- [ABOUT THIS TASK]
Pictures are not part of the answer. Return the lines from the one containing "Χαλιά Κρεβατοκάμαρας (Σετ" through the end of the data, both included, exactly as they appear.

- [INPUT DATA]
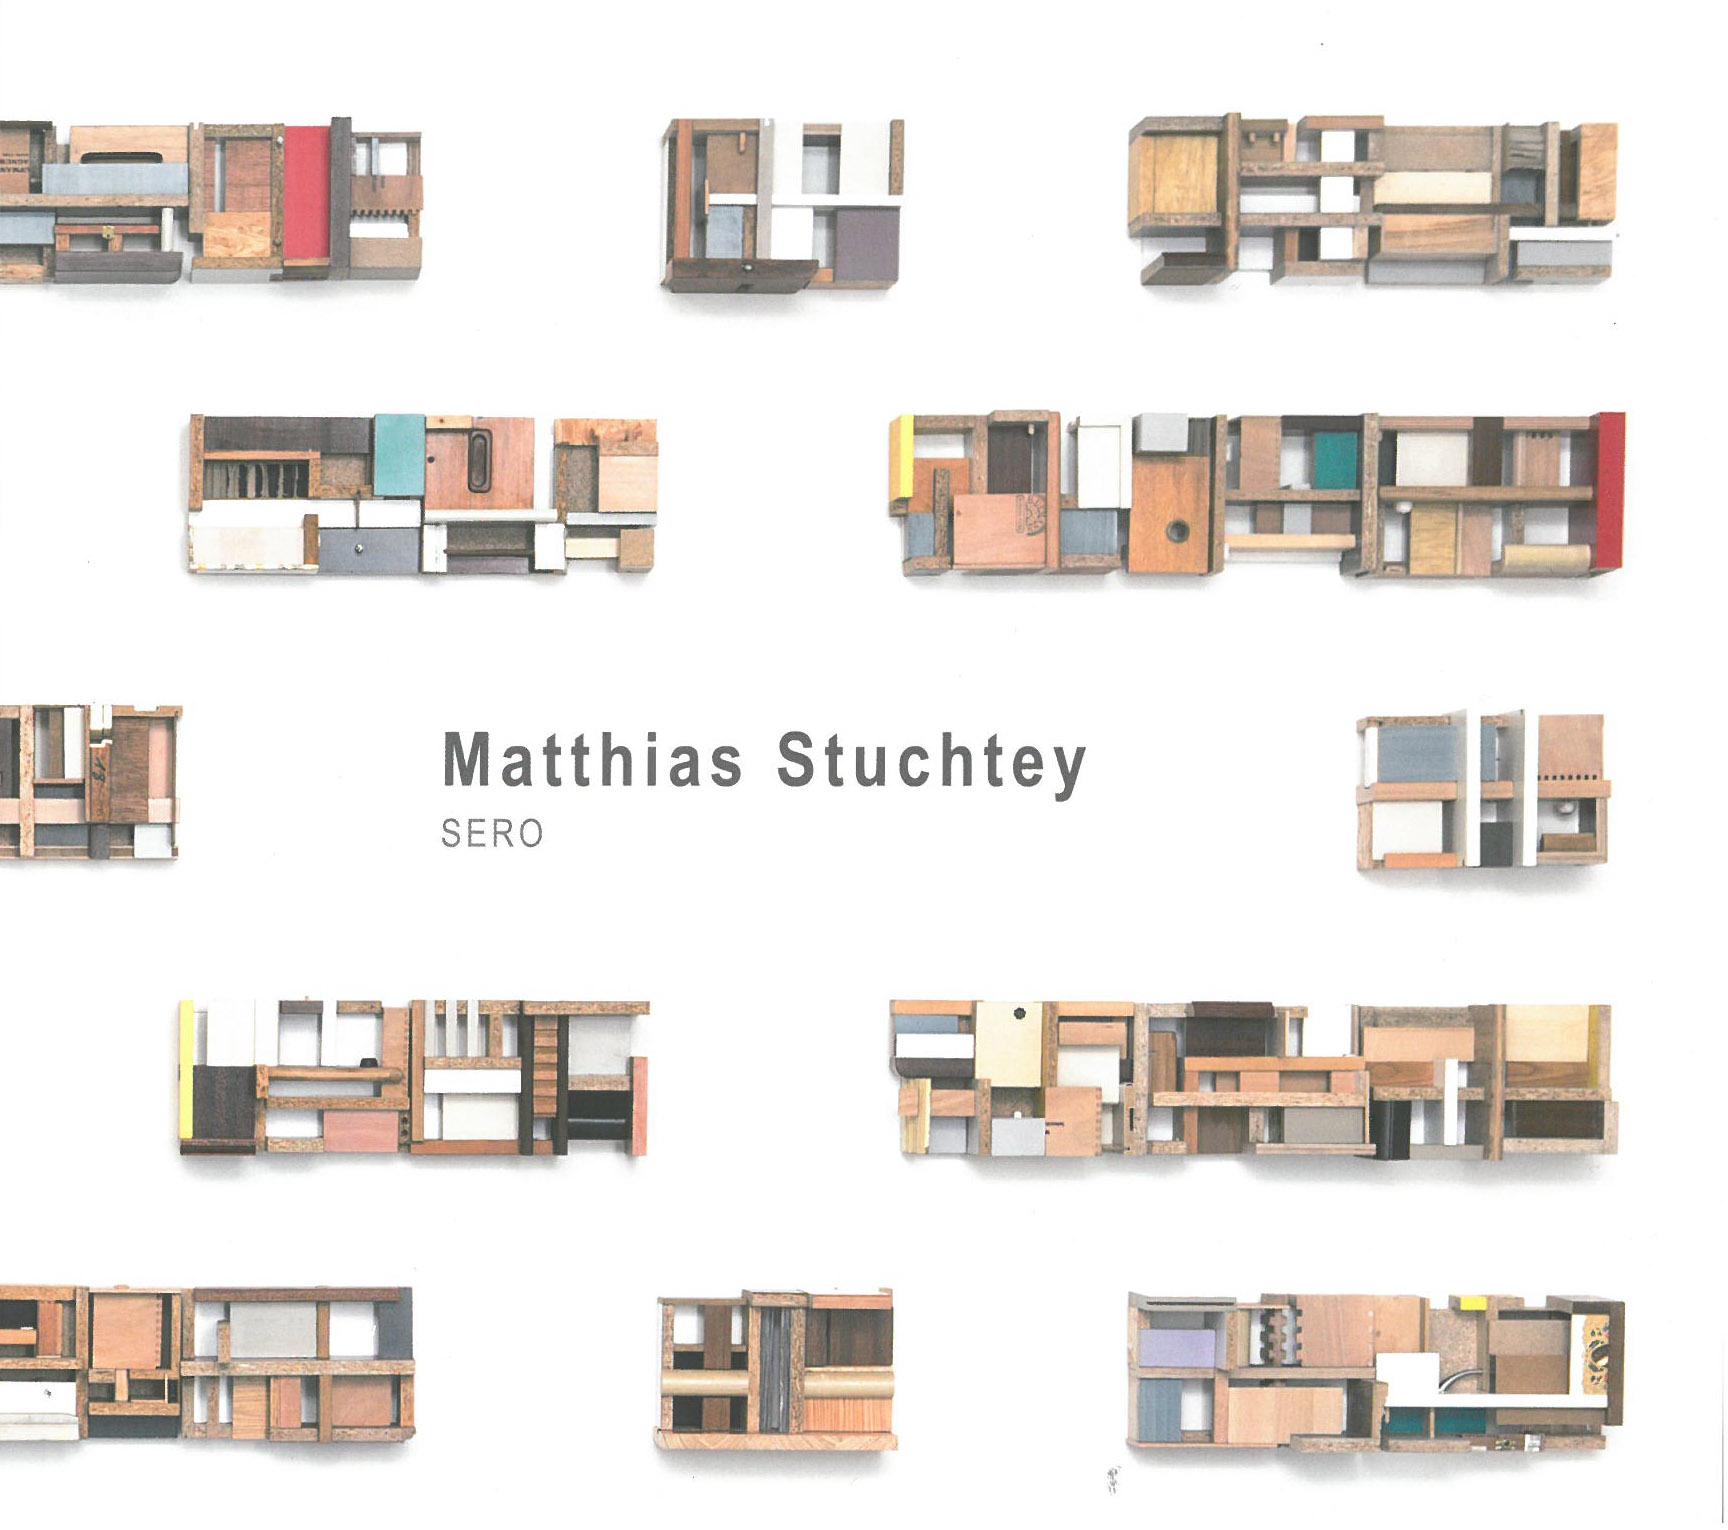 MATTHIAS STUCHTEY
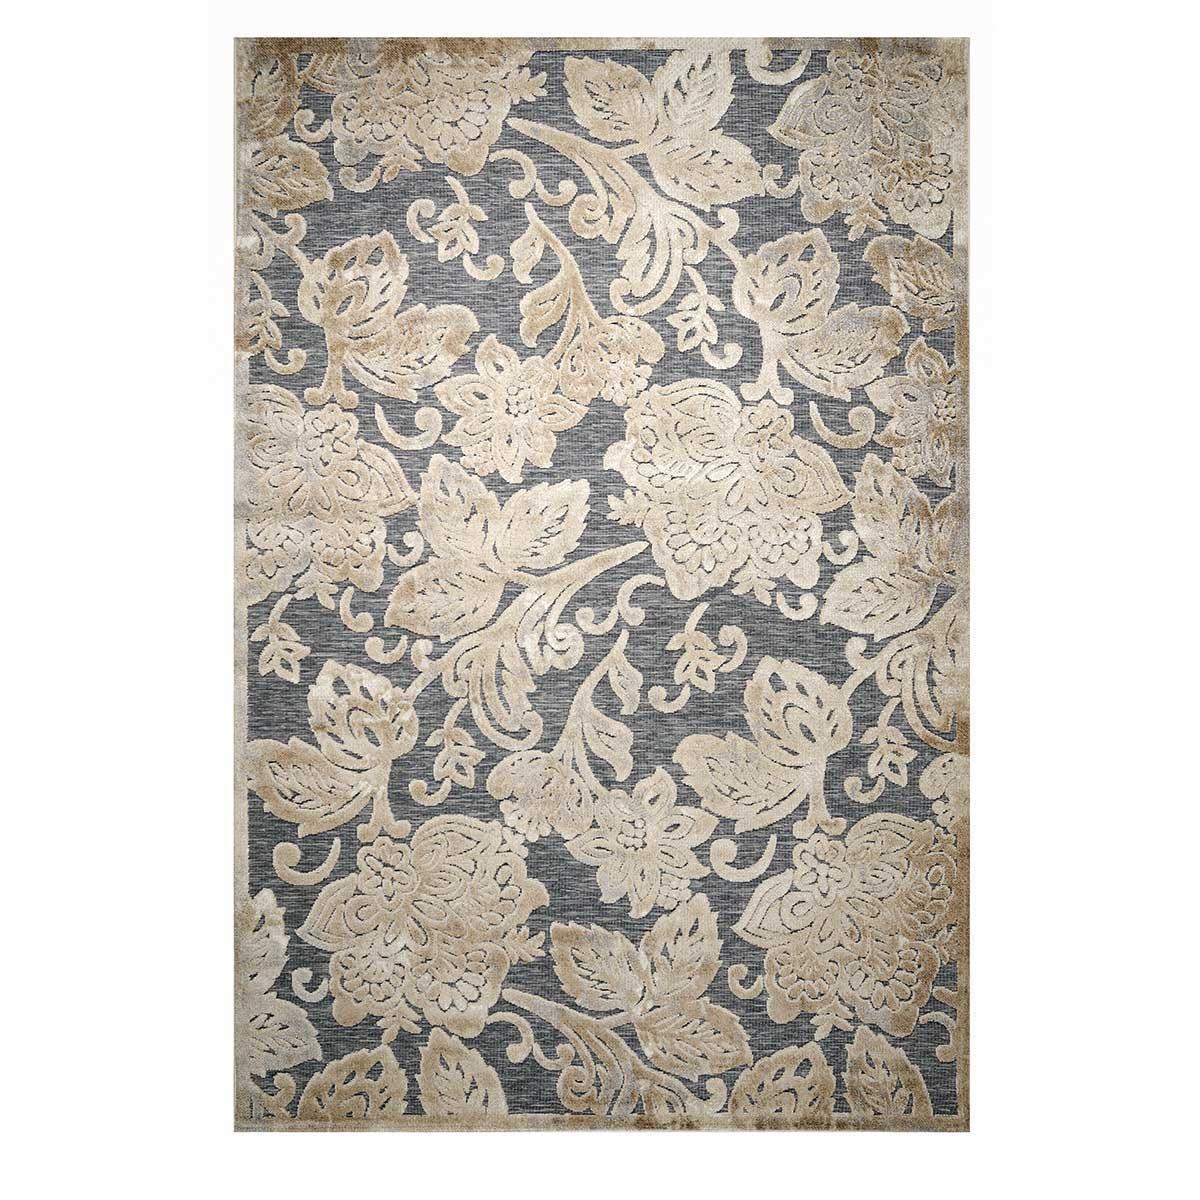 Χαλιά Κρεβατοκάμαρας (Σετ 3τμχ) Tzikas Carpets Boheme 30231-957
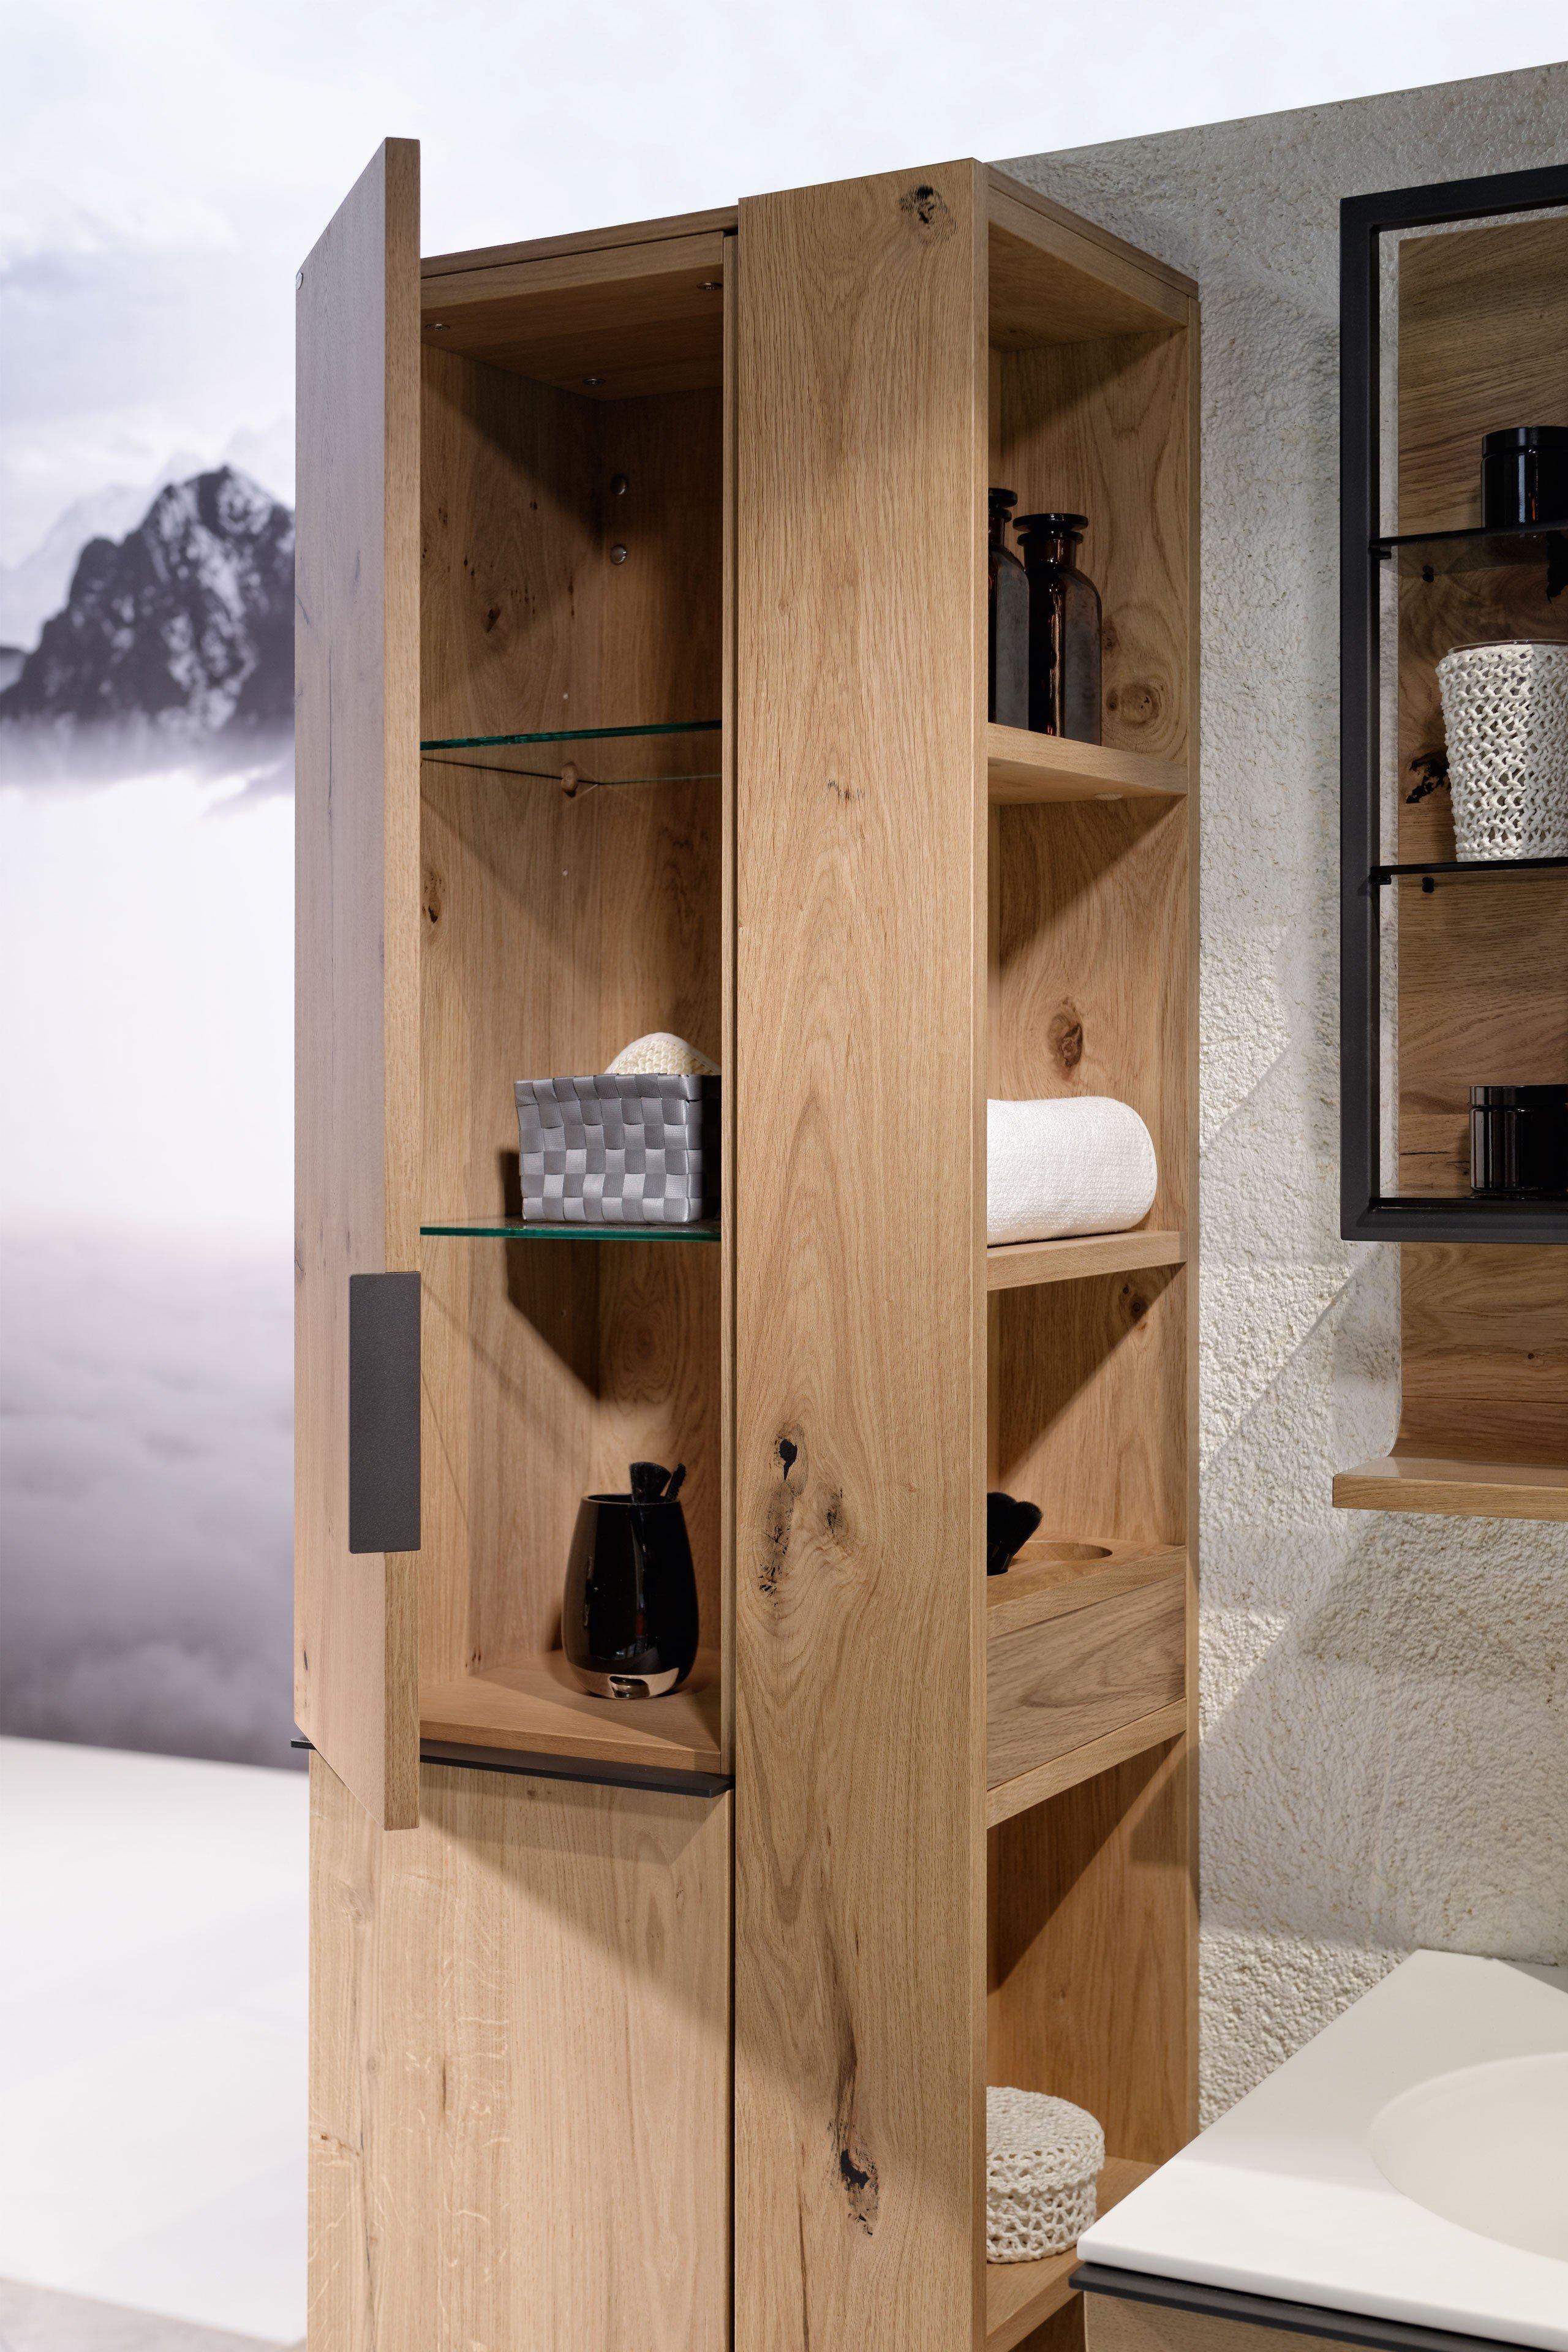 badezimmer v quell von voglauer in aleiche rustiko m bel. Black Bedroom Furniture Sets. Home Design Ideas

- [ANSWER BOX]
 Χαλιά Κρεβατοκάμαρας (Σετ 3τμχ) Tzikas Carpets Boheme 30231-957
 badezimmer v quell von voglauer in aleiche rustiko m bel. Black Bedroom Furniture Sets. Home Design Ideas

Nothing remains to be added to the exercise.